Silversea named Felicity Ann Dawn Aston (MBE, FRGS) as the Godmother of its newest ship - Silver Endeavour/fka Crystal Endeavor.
Felicity Aston is a polar explorer, author, TV presenter, and climate scientist. She became the first woman to ski solo across Antarctica back in 2012, as well as the first person to traverse the white continent by muscle power alone.
Felicity Aston has since been awarded the Polar Medal and appointed MBE for services to exploration.
The ship’s Godmother blesses the newbuild for good fortune during the official christening ceremony. Aston will name Silver Endeavour as part of a planned intimate ceremony in Antarctica, due to be held in the days before the inaugural voyage of the ship, departing on November 21, 2022.

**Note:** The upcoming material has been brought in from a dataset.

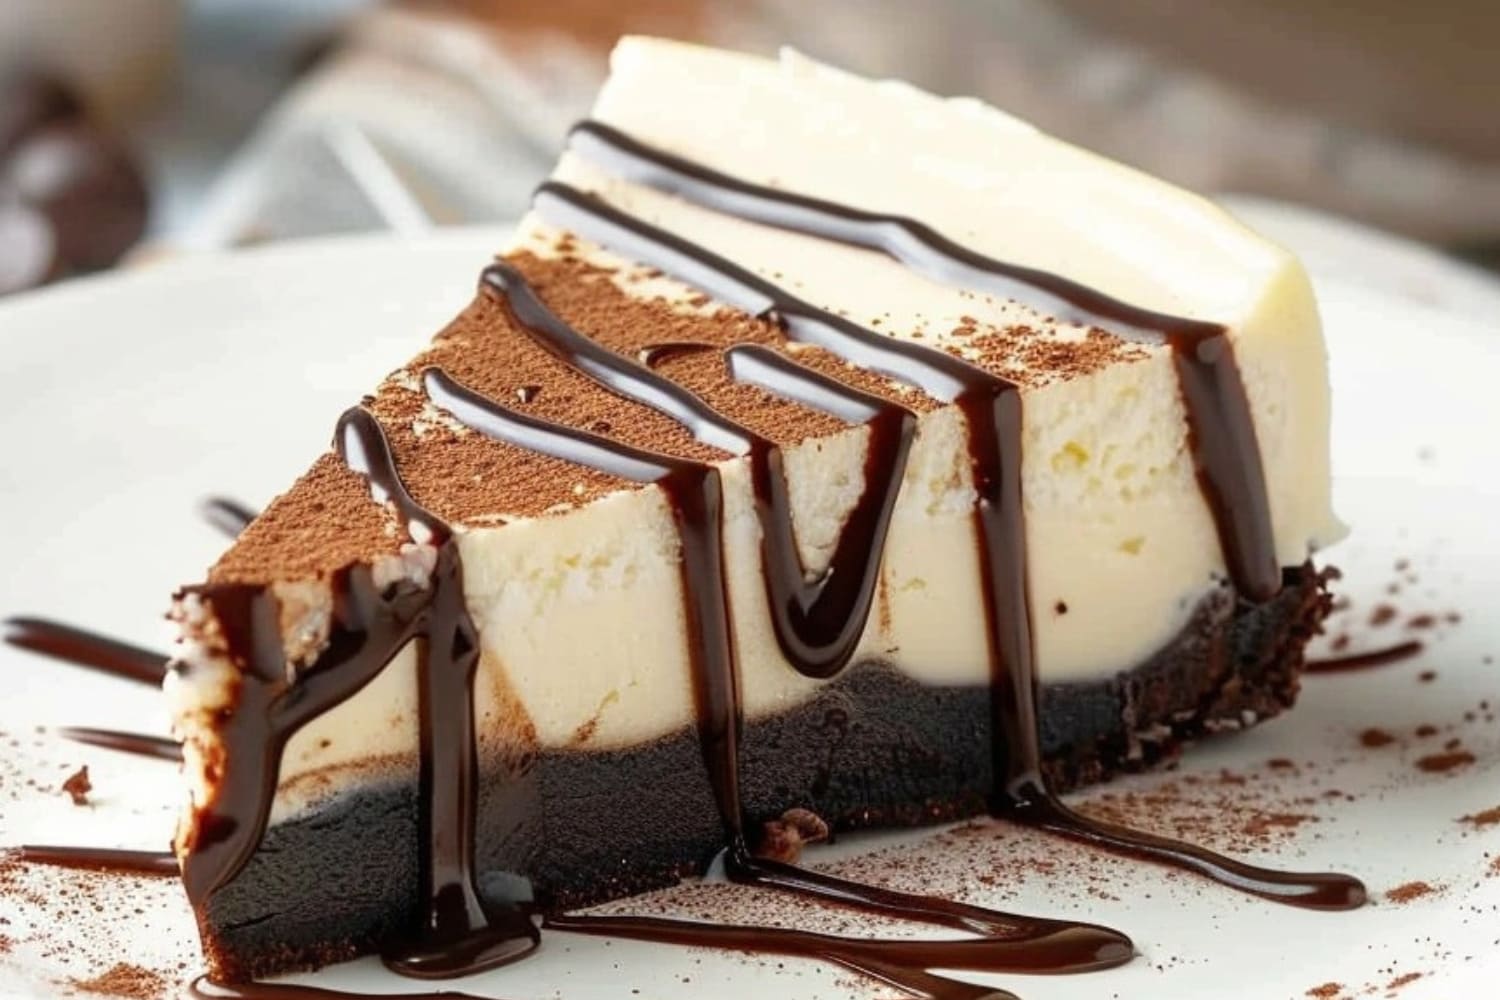 Slice of cheesecake with brownie bottom drizzled with chocolate syrup.

In her career that has spanned over 20 years, Felicity has undertaken challenging expeditions in the most extreme environments of the globe often as the leader of trips, including that of the first-ever British women’s team to cross the Greenland ice sheet and record-breaking teams of women on ski expeditions to the South and North Poles. Her longest adventure in Antarctica involves the 39-month stint at Rothera Research Station, where from 2000 she was monitoring the climate/the ozone layer as a meteorologist for the BAC-British Antarctic Survey.
Now based at the National Oceanography Centre and the University of Southampton in the UK, where she is investigating airborne microplastic pollution on polar sea ice, her work has plugged data gaps, reshaping scientific understanding. Next year, Aston will be continuing the leadership of the Before It’s Gone North Pole expedition, a project to collect material for Arctic Ocean sea ice research. She has published 5 books about exploration and expeditions; co-presented a couple of BBC documentaries; and has been featured in Marie Claire, National Geographic, and Vanity Fair.
Aston is a Fellow of the Royal Geographical Society in London UK and The Explorers Club in New York City, as well as a member of the Society of Women Geographers.